:: INFORMATION SUPPLIED ::
——————
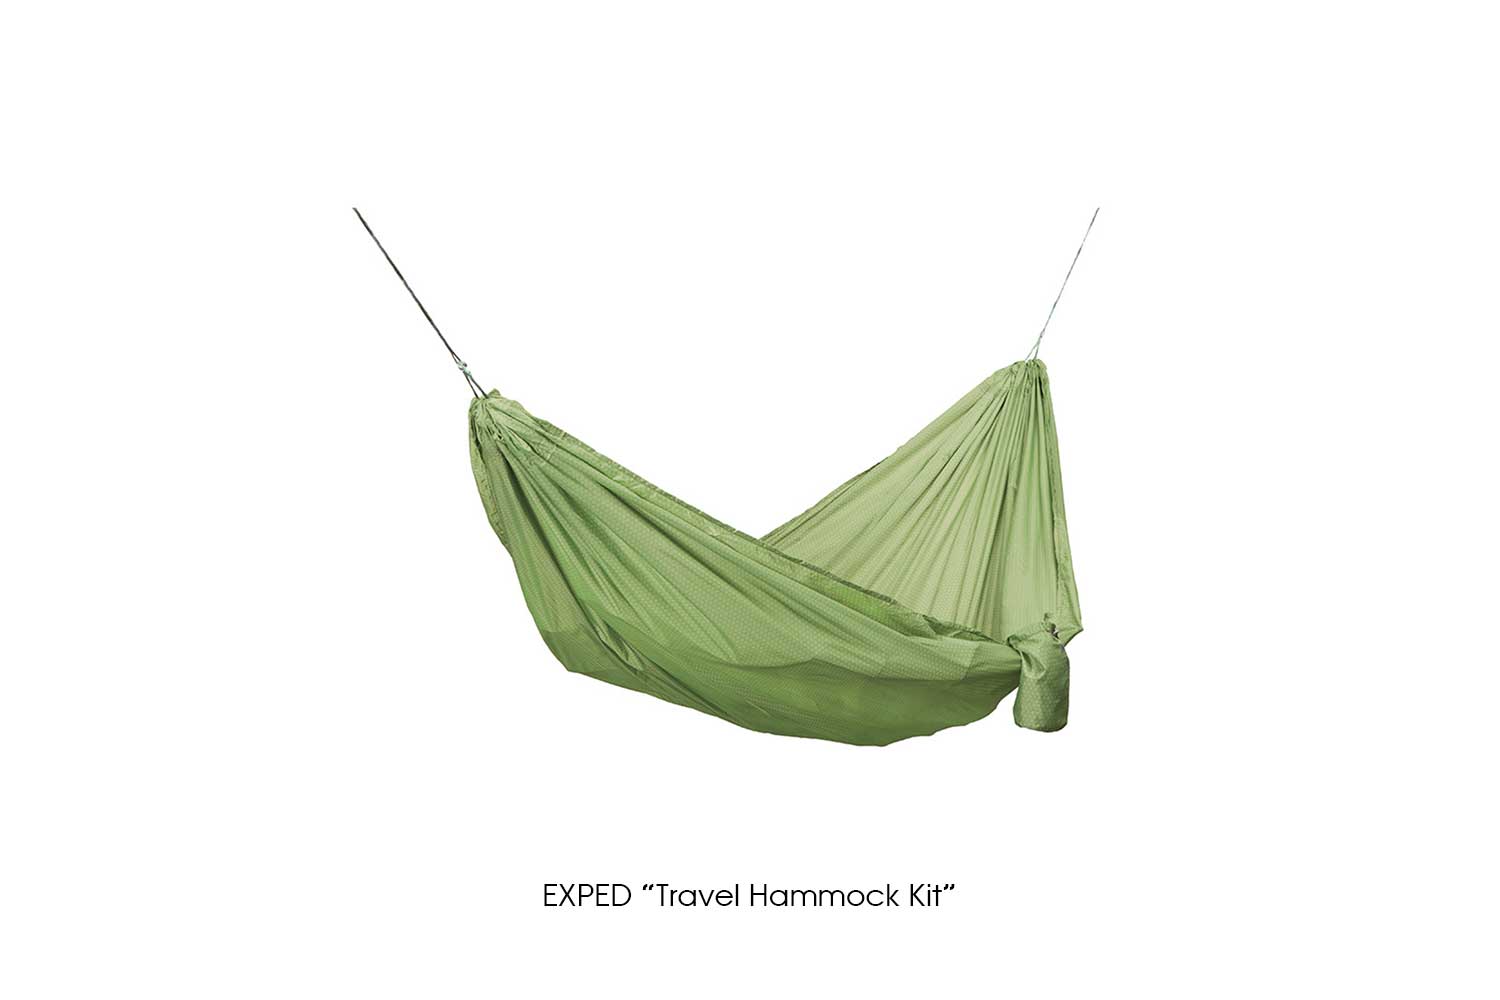 EXPED "Travel Hammock Kit"
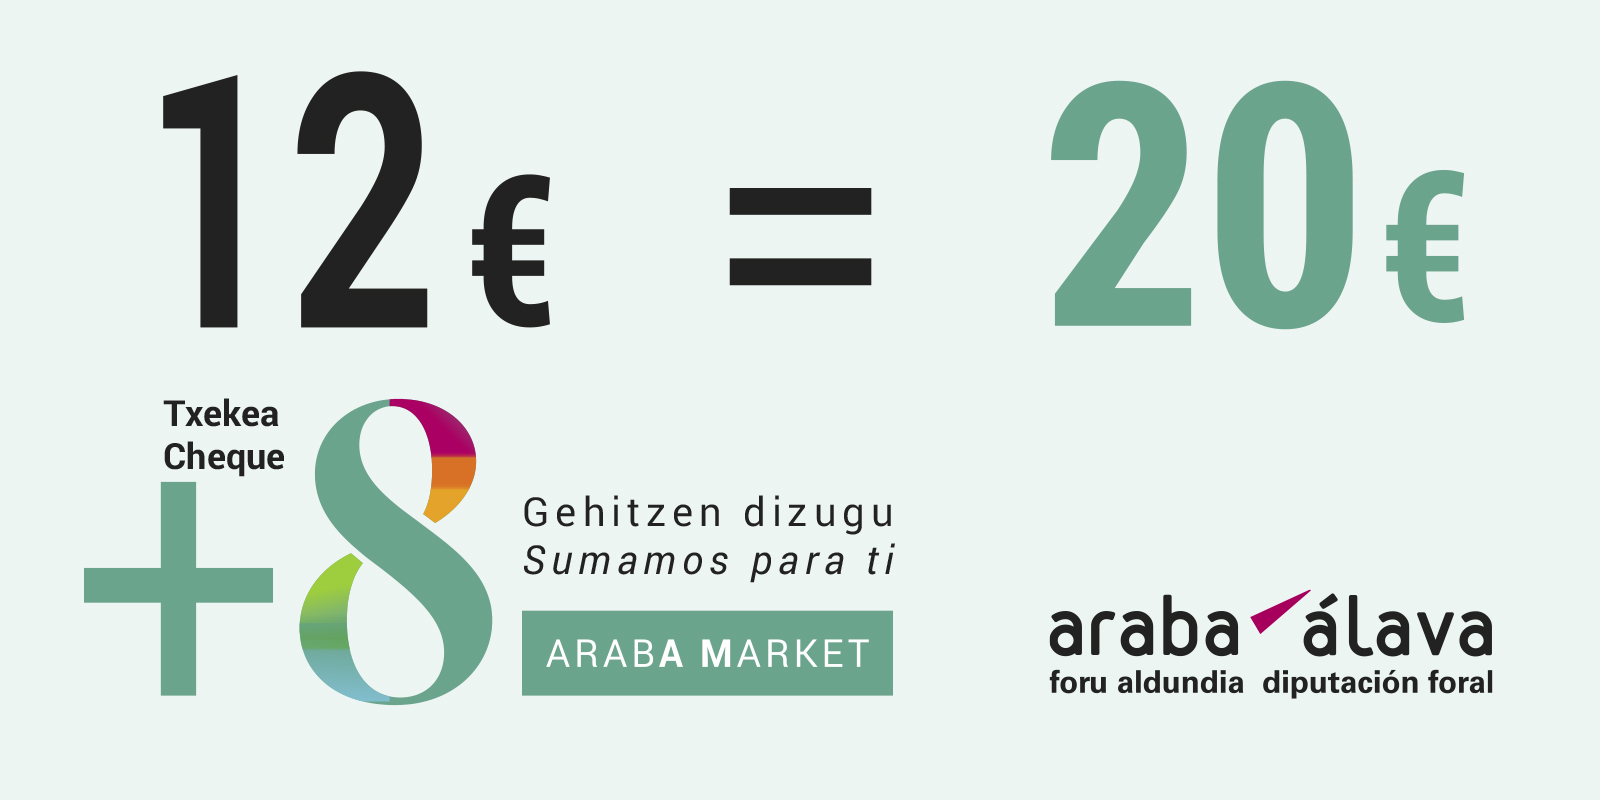 Araba Market +8 txekeak 12 euros kostatzen zaizu, eta 20 euroko erosketak dituzu
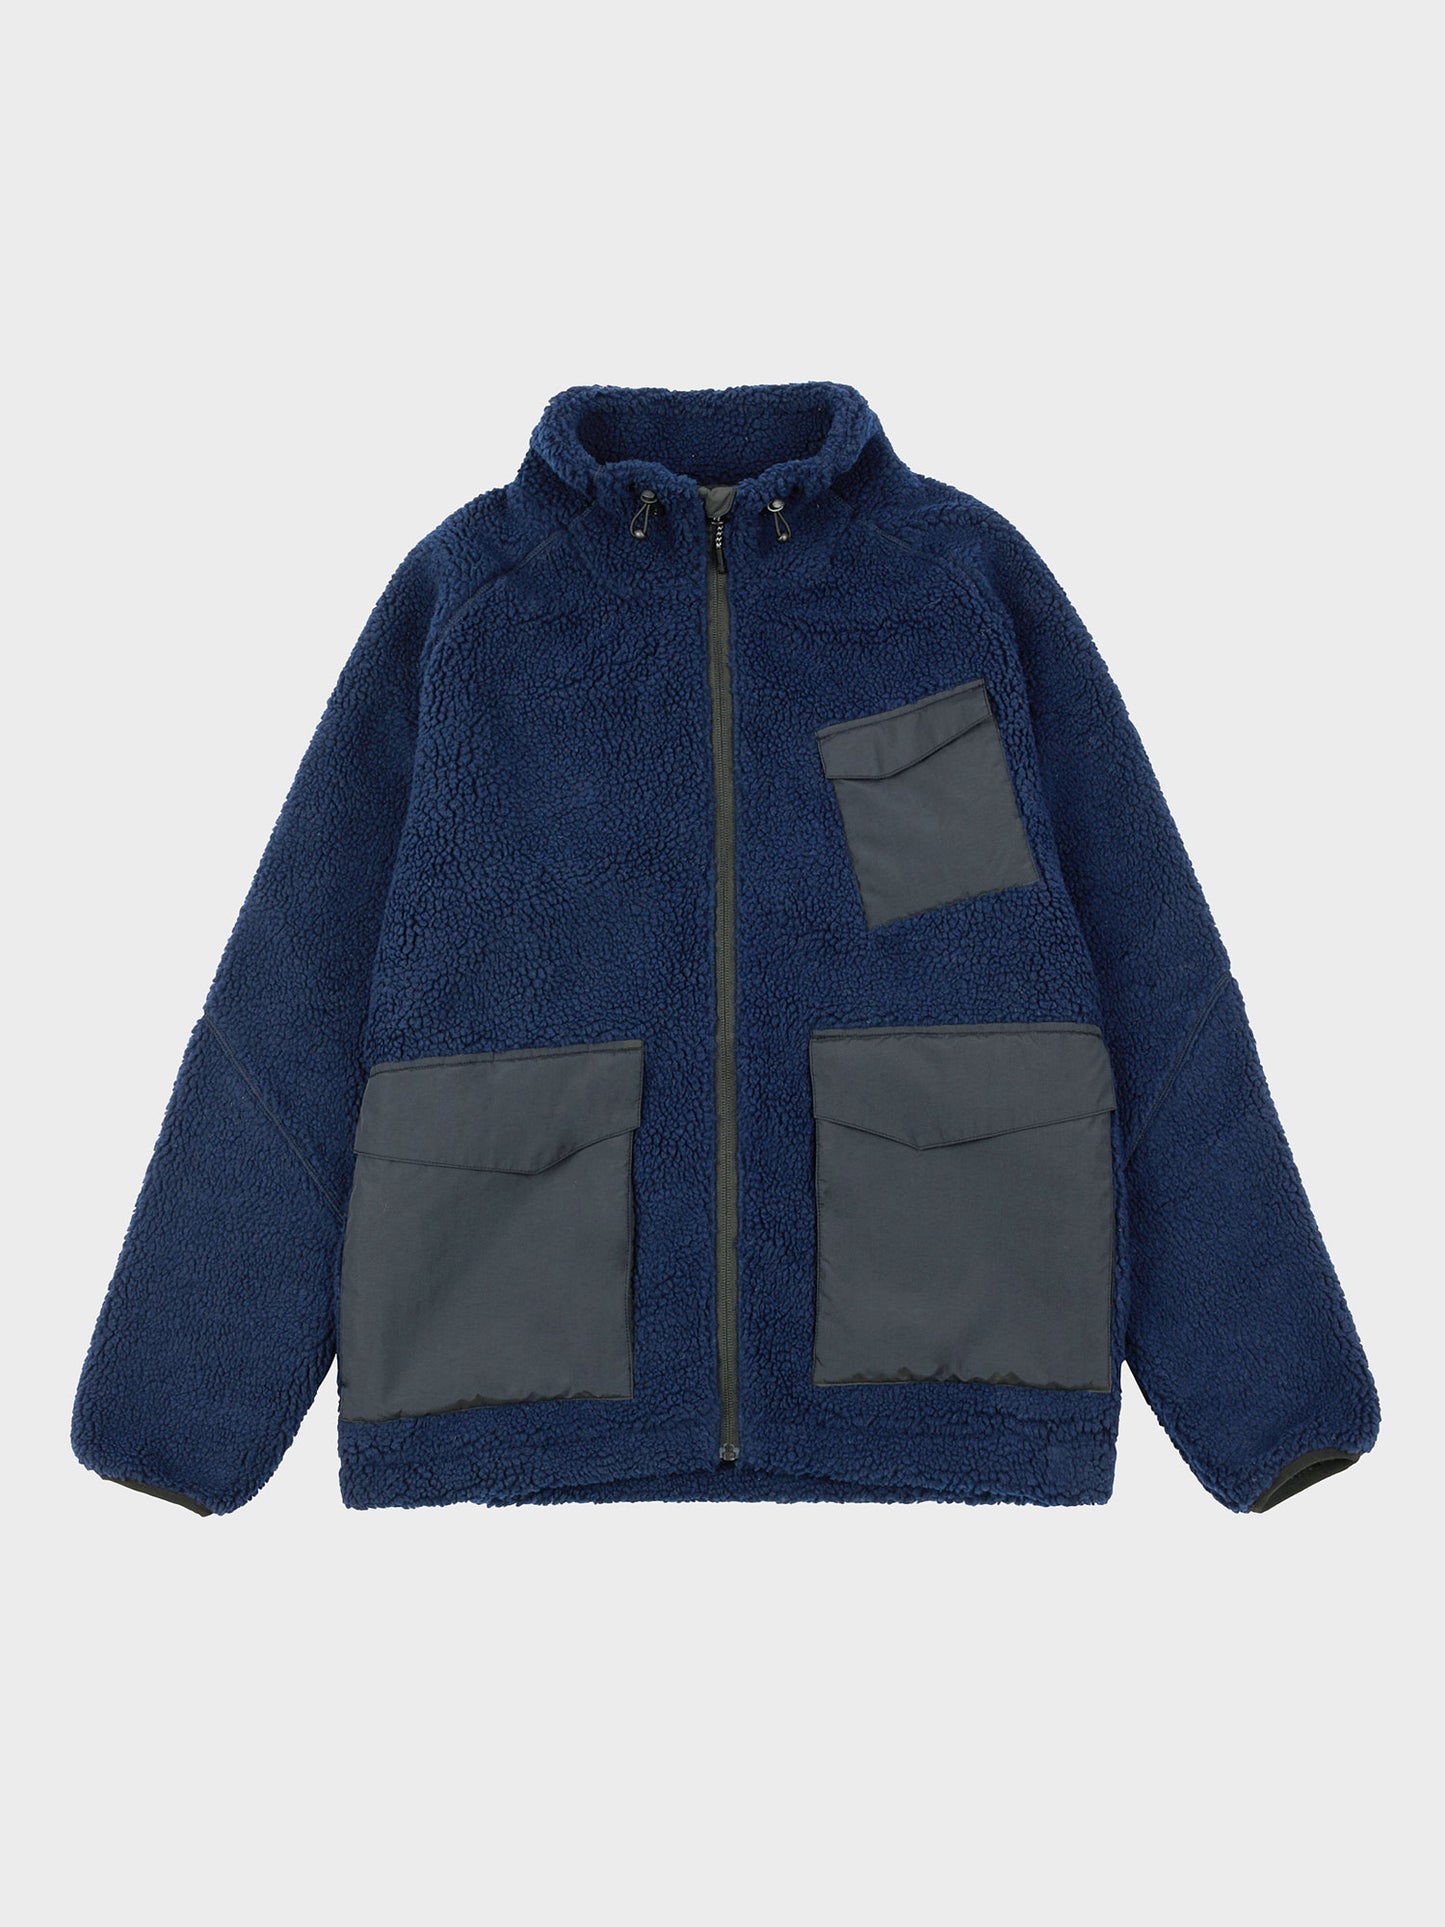 P Bear Angled Pocket Borg Fleece Jacket in Navy Blue
——————
:: TASK INSTRUCTIONS ::
Without the pictures, repeat the listing above exactly.

:: ANSWER FOR THE TASK ::
 EXPED "Travel Hammock Kit"
 Araba Market +8 txekeak 12 euros kostatzen zaizu, eta 20 euroko erosketak dituzu
 P Bear Angled Pocket Borg Fleece Jacket in Navy Blue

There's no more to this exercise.